*** INPUT DATA Section Begins ***
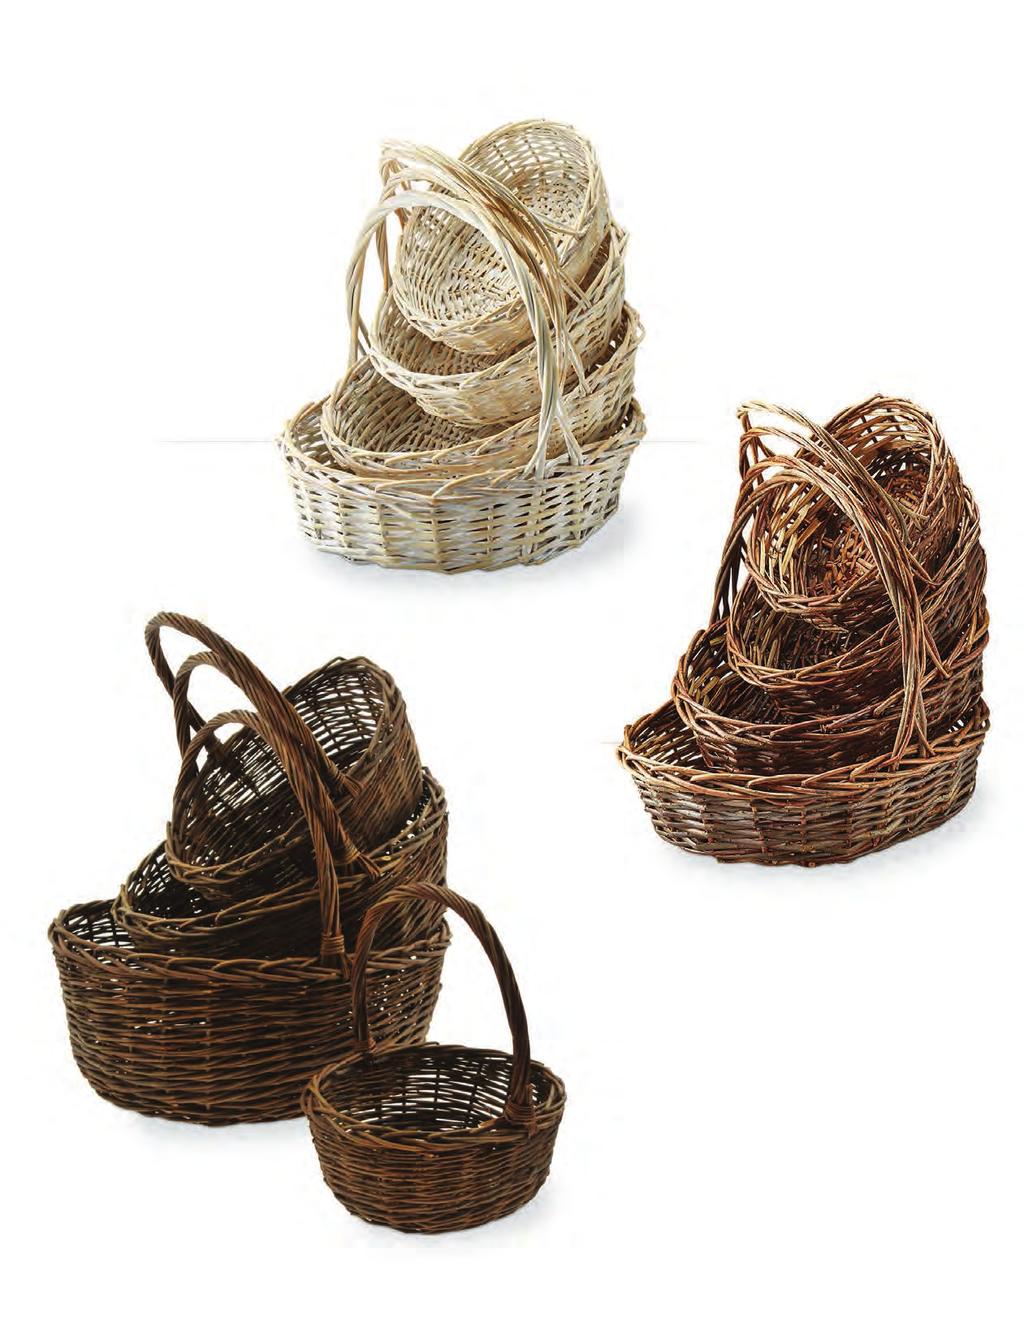 Set/4 Oval Willow Baskets Large: 18.5 x 15.5 x 5 Small: 12 x 9.25 x 3.5 Includes Hard Plastic Liners Also available in Dark Brown Stain 5175-ST 4/$21.99 set 5150-WW 4/$21.
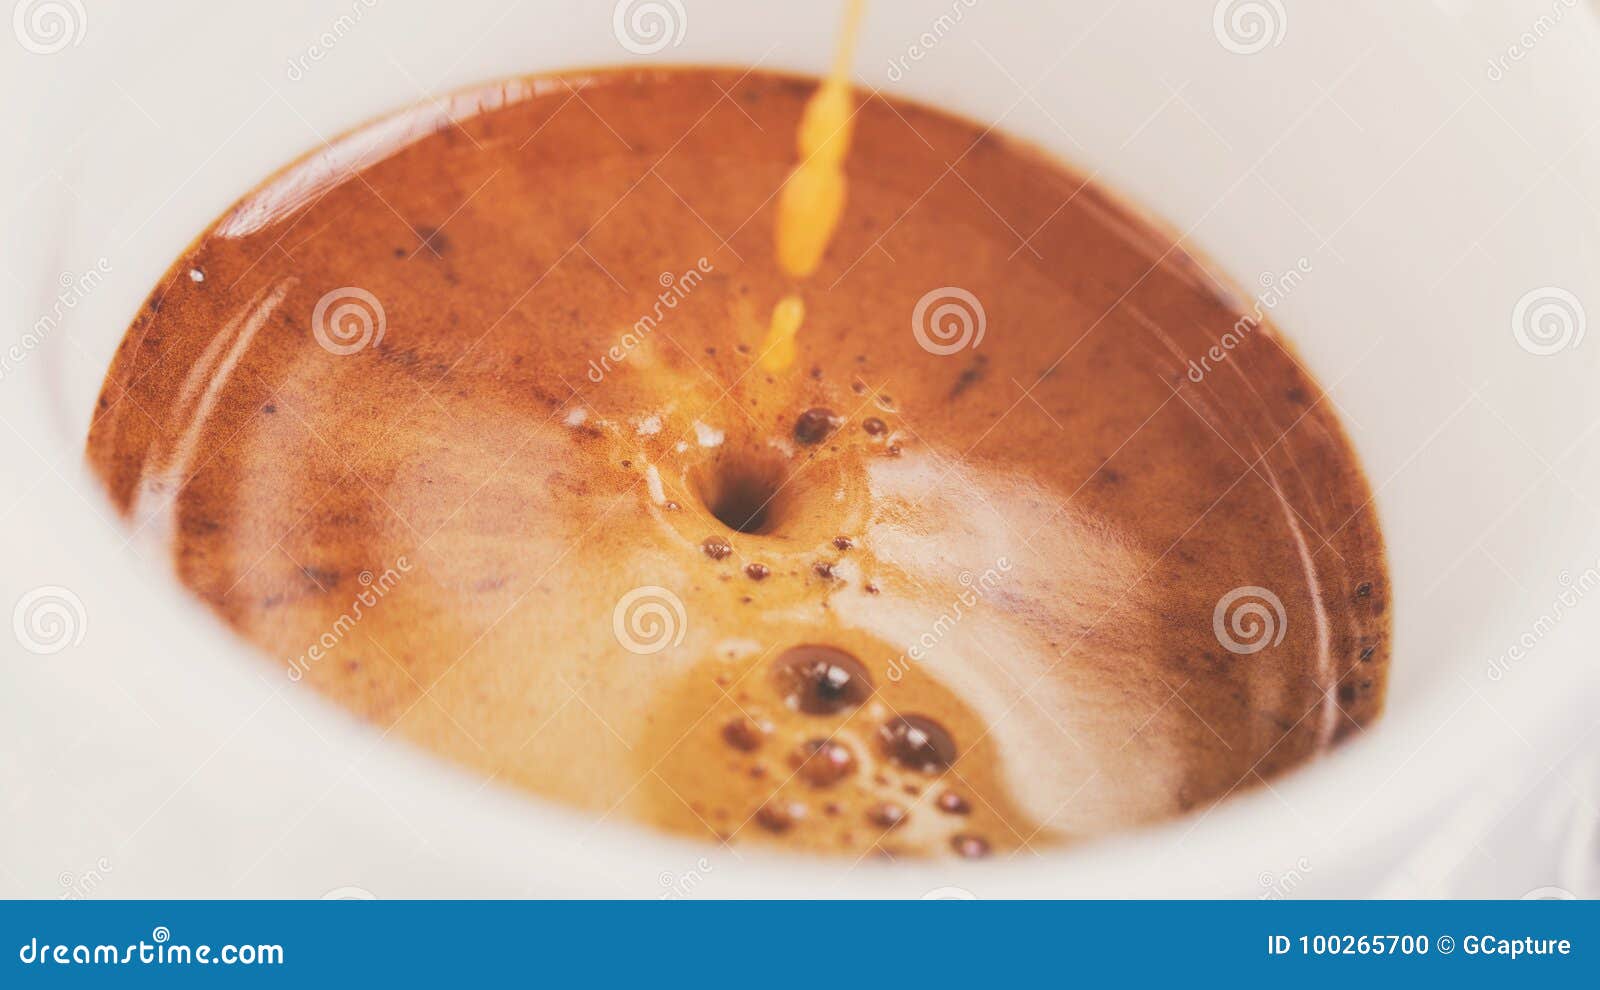 extraction of espresso with rich crema in cup
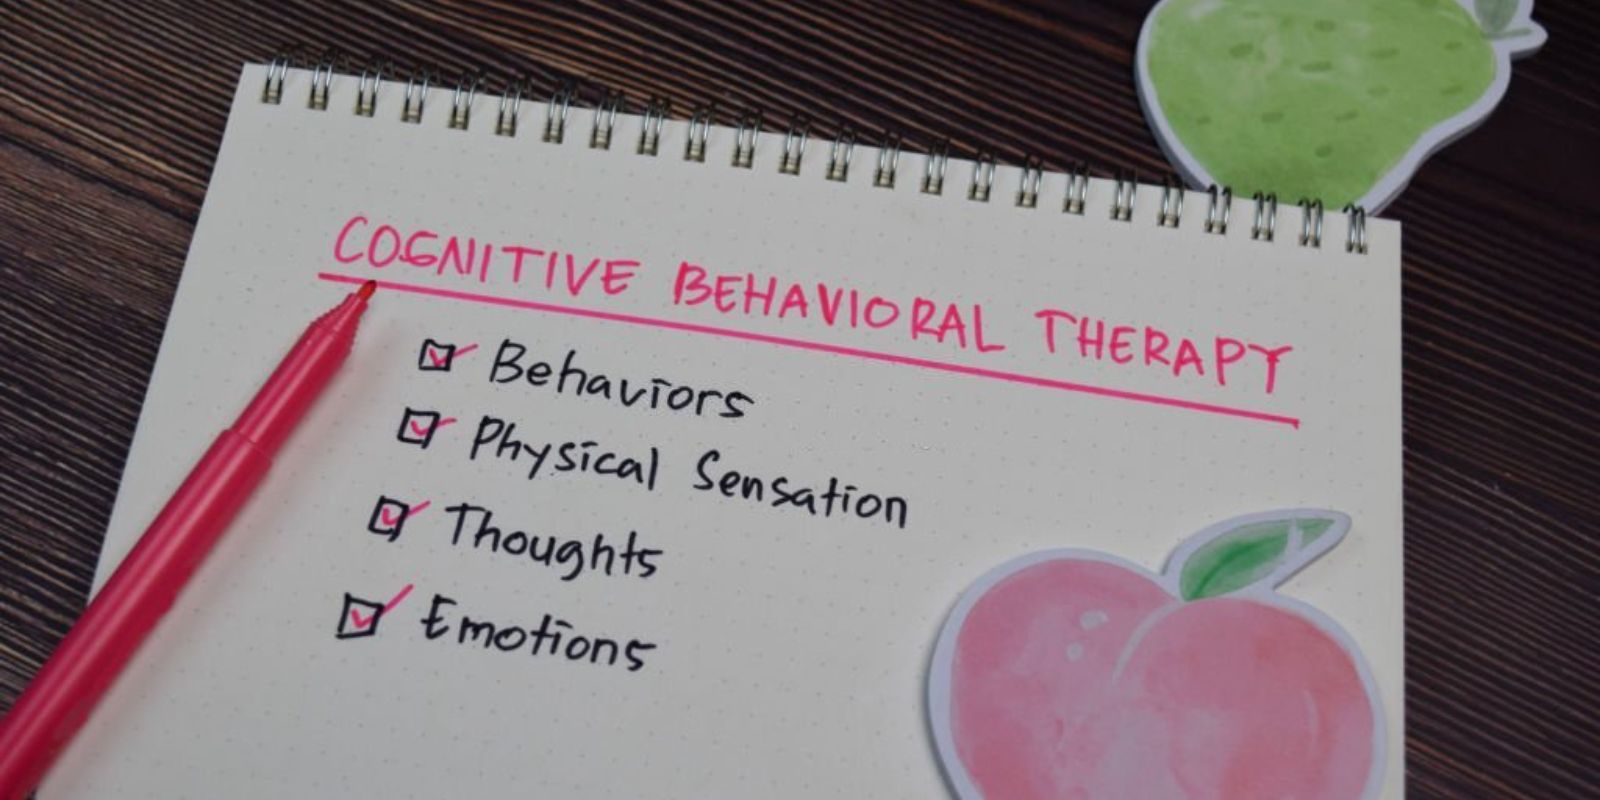 Cognitive Behavioral Therapy for OCD: Coping with Obsessive Thoughts
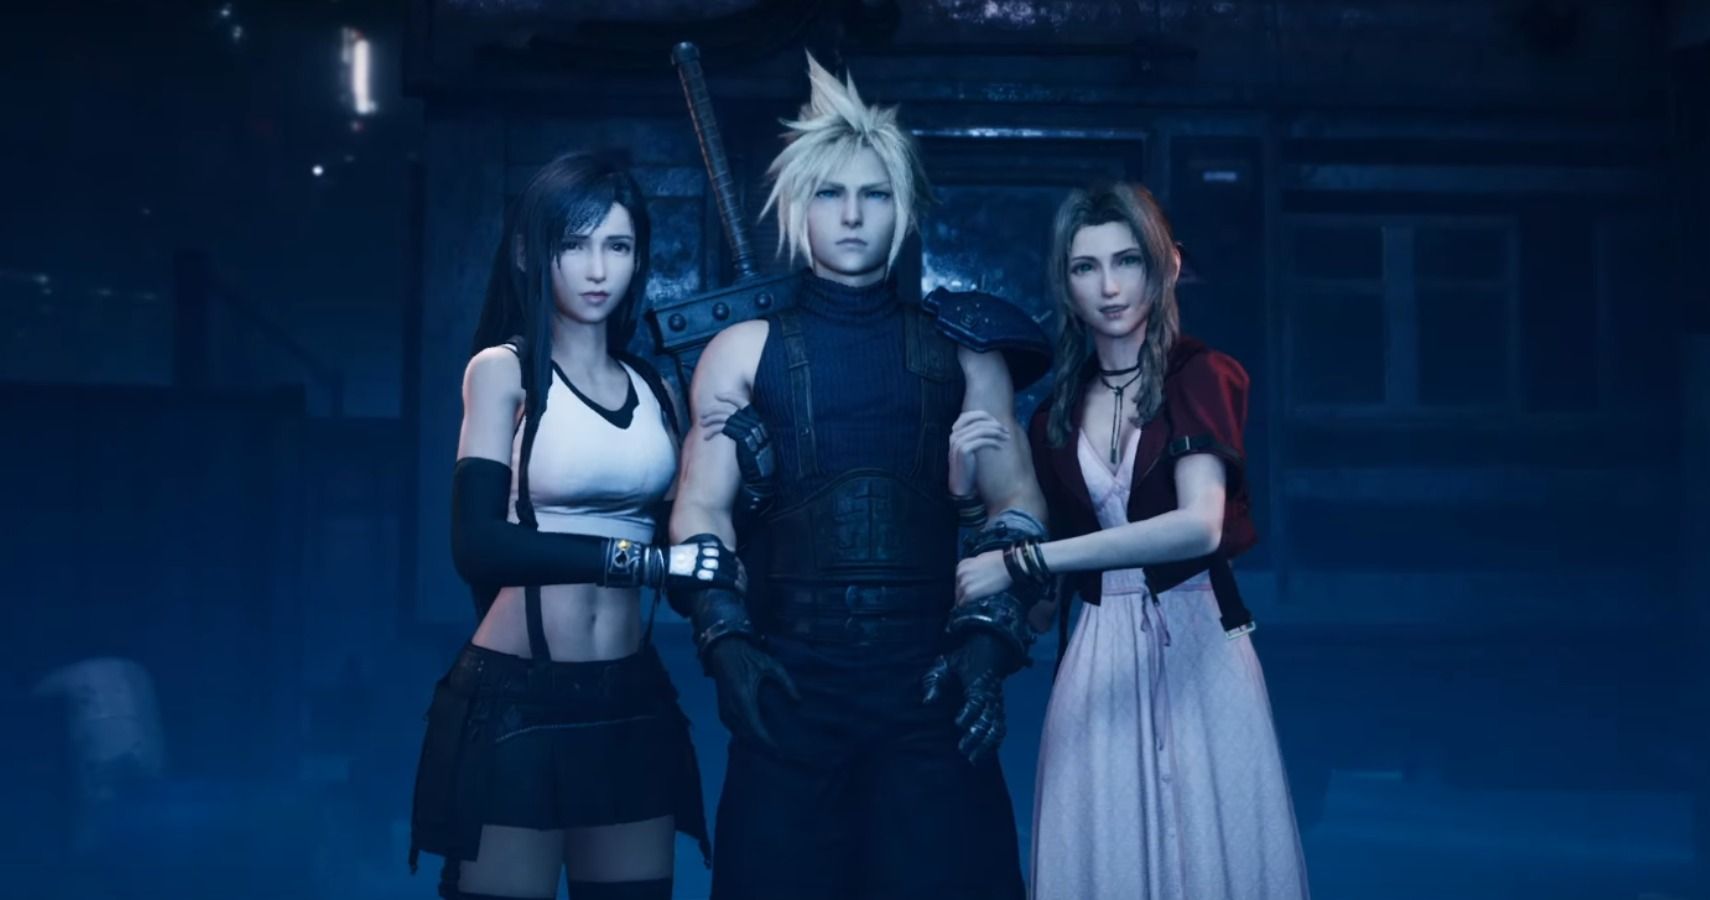 Final Fantasy VII Remake Cast Discusses Giving Life To Iconic Characters
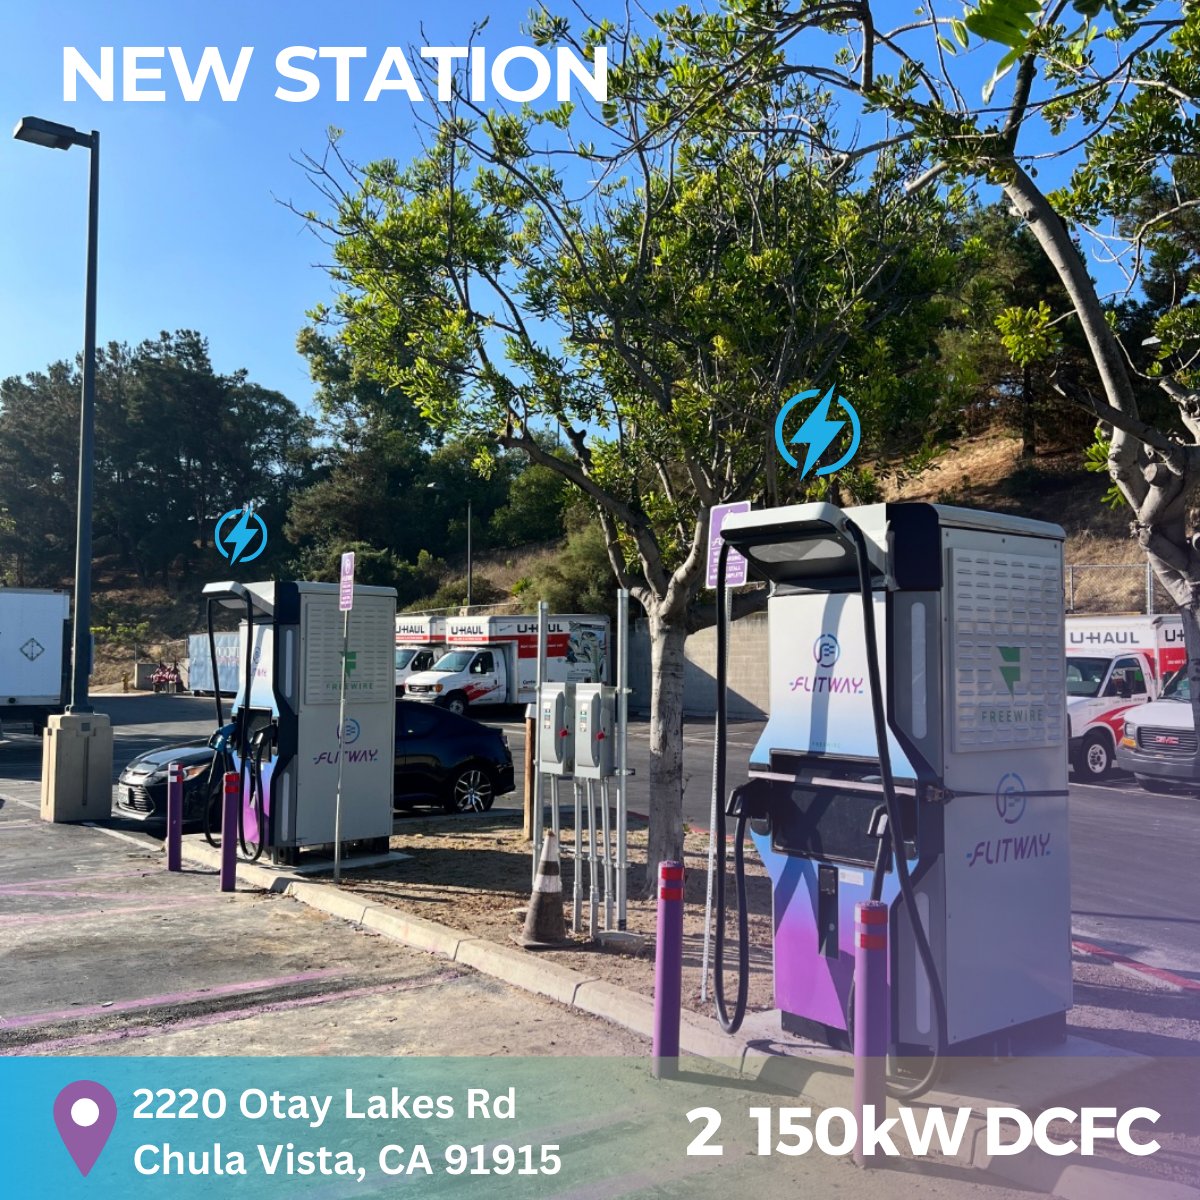 Thrilled to announce the opening of our newest EV charging station at 2220 Otay Lakes Rd, Chula Vista, CA 91915! 

#evcharging #evcharger #evchargingstation #evadoption #chulavista #southerncalifornia #dcfc #ElectricVehicle
*** INPUT DATA Section Ends ***
■ TASK TO COMPLETE
Please return only the lines from the top of the data through the line with "Final Fantasy VII", exactly as written, and drop every picture.

■ FINISHED EXERCISE
 Set/4 Oval Willow Baskets Large: 18.5 x 15.5 x 5 Small: 12 x 9.25 x 3.5 Includes Hard Plastic Liners Also available in Dark Brown Stain 5175-ST 4/$21.99 set 5150-WW 4/$21.
 extraction of espresso with rich crema in cup
 Cognitive Behavioral Therapy for OCD: Coping with Obsessive Thoughts
 Final Fantasy VII Remake Cast Discusses Giving Life To Iconic Characters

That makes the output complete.